There is no separate process in the NEC3 for valuing what the JCT categorises as 'loss and expense'. NEC3 requires the assessment of compensation events to include any delay to the works (if any) and the impact on defined cost associated with any delay (clause 62.2), within a single assessment. Therefore, contractor’s quotations must include all direct and consequential impacts associated with the compensation event, including any additional supervision or other time related costs.

NEC recognises that forecasting impacts not yet encountered needs to reflect any change in the contractor’s exposure to risk.

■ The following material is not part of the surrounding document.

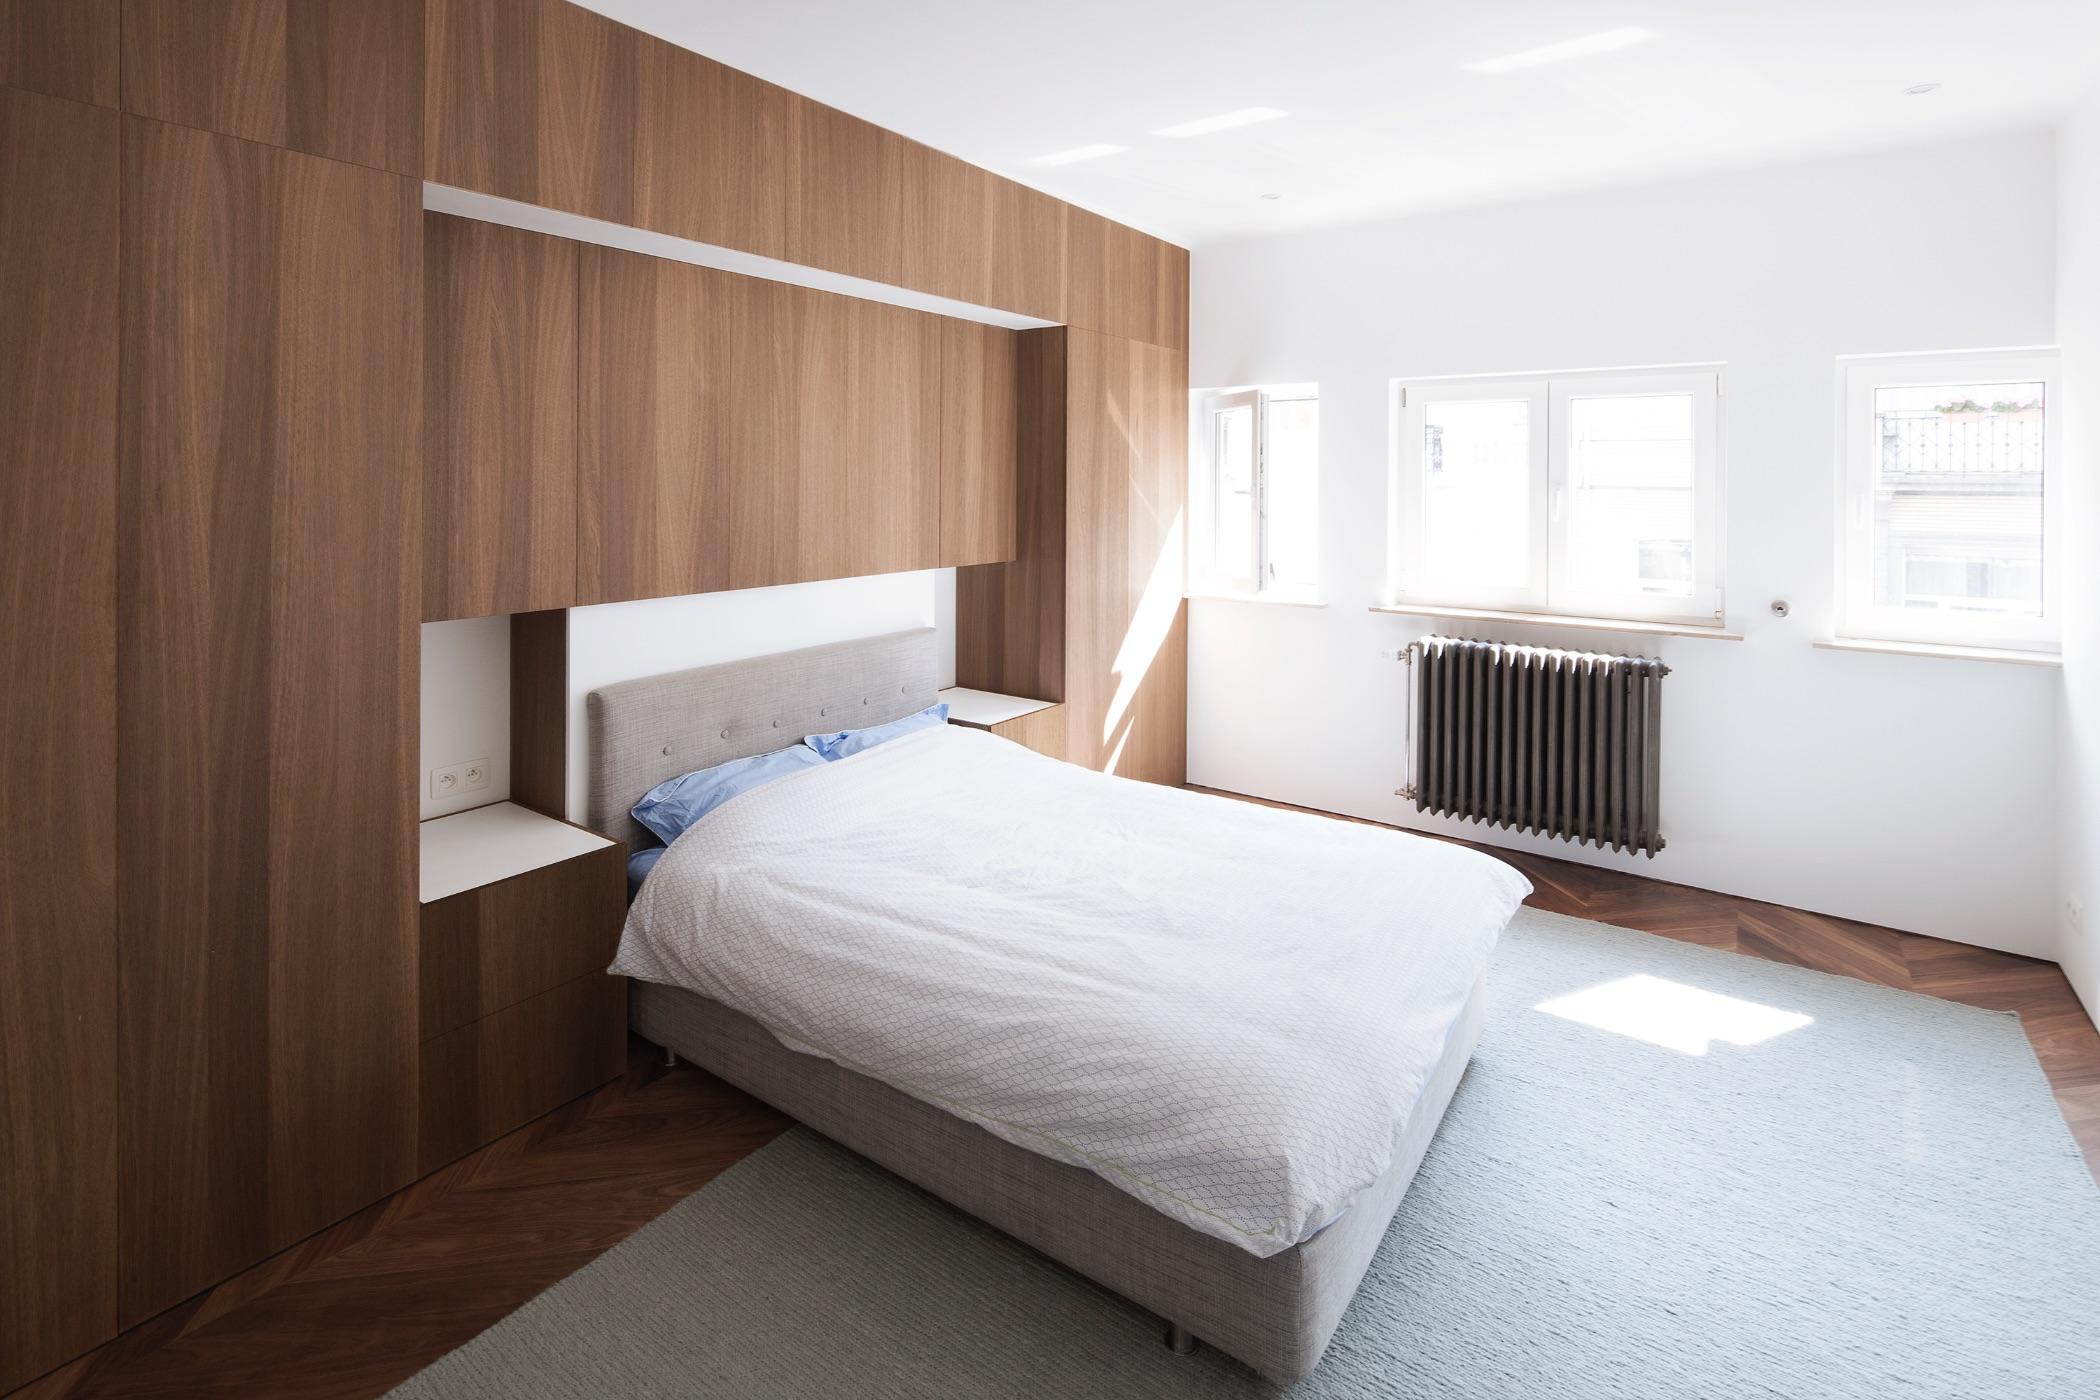 13_A&A's Apartment_Alexandru Patrichi_Inspirationist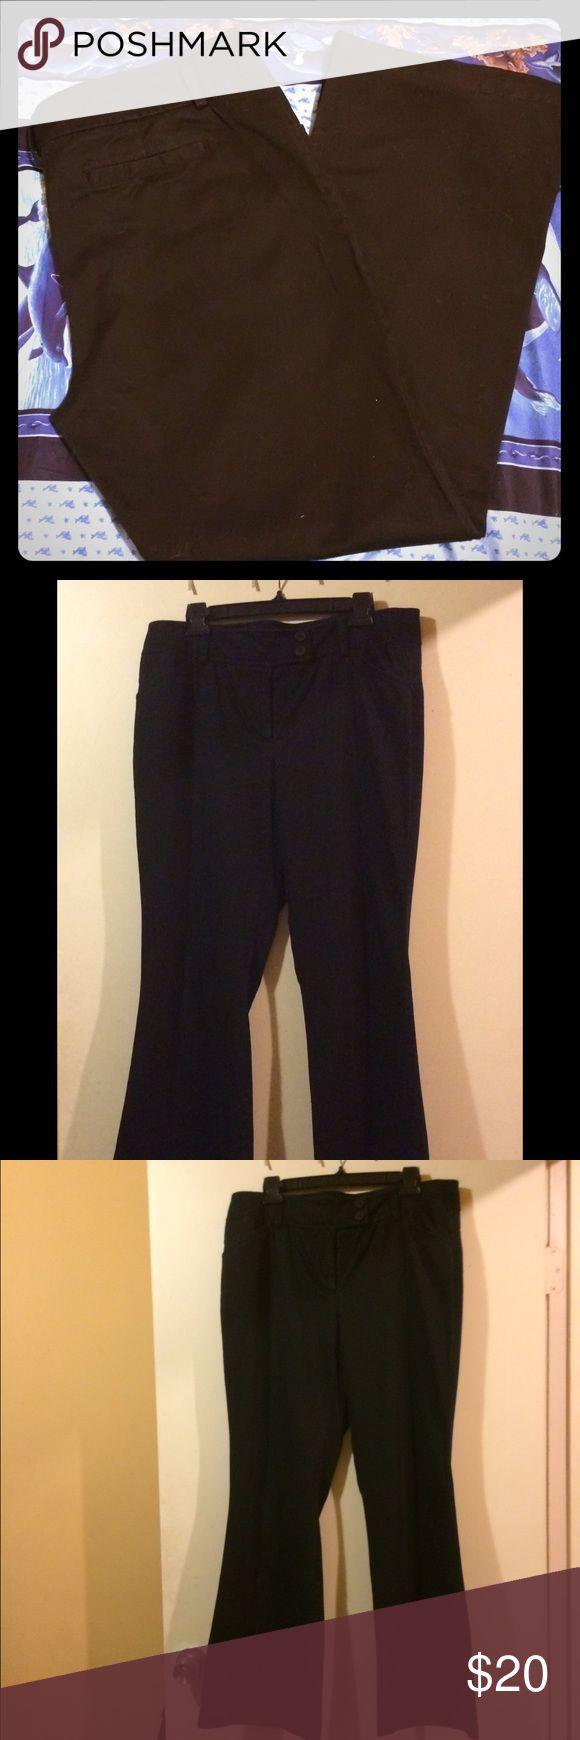 Black Trousers Black khaki trousers. Bootcut. Size 14 Tall. NWOT. Express Pants Trousers

It, therefore, allows the assessment to include 'risk allowances for cost and time' but only for those risks which are contractor’s risks and only where there is 'a significant chance' of those risks occurring (clause 63.6). Clearly where the assessment includes elements of works which have already been completed the impacts should be capable of being assessed without the need to allow for risk.

Exactly how a 'risk allowance' is to be assessed and agreed is not specified. The NEC3 guidance notes state that the amount included for risk should reflect the way risk allowances were allowed in the original tender. The guidance goes on to advise that the risk allowance is greater when the work is uncertain and there is a high chance of the contractor’s risk happening, and vice versa, the allowance is least ‘when the uncertainties are small and when the work is to be done by resources already on site whose output rates can be predicted relatively accurately’.

Where the project manager decides the effects of a compensation event are too uncertain to be forecast reasonably he or she states assumptions that remove that uncertainty. The assessment is then based on these assumptions (clause 61.6). Should any of the assumptions stated by the project manager prove to be incorrect a subsequent compensation event arises.

The contractor may state his or her own assumptions within the quotation but these are never the subject of further compensation event(s). This principle applies equally to cost and delay and is embodied in clause 65.2, which states that ‘the assessment of a compensation event is not revised if a forecast on which it is based is shown by later recorded information to have been wrong’. They can, however, be helpful to the project manager in understanding particular elements of the quotation making his acceptance more likely.

NEC contains an implied obligation on the contractor to mitigate the employer’s loss arising from compensation events, when in clause 63.7 it states that compensation events are assessed on the basis that the contractor reacts competently and promptly to the compensation event and that any defined cost and time due to the event are reasonably incurred. This acts as an incentive on the contractor to control the cost and time impacts to a minimum by allowing the project manager to ignore impacts that should not have been incurred in his or her assessment of compensation events.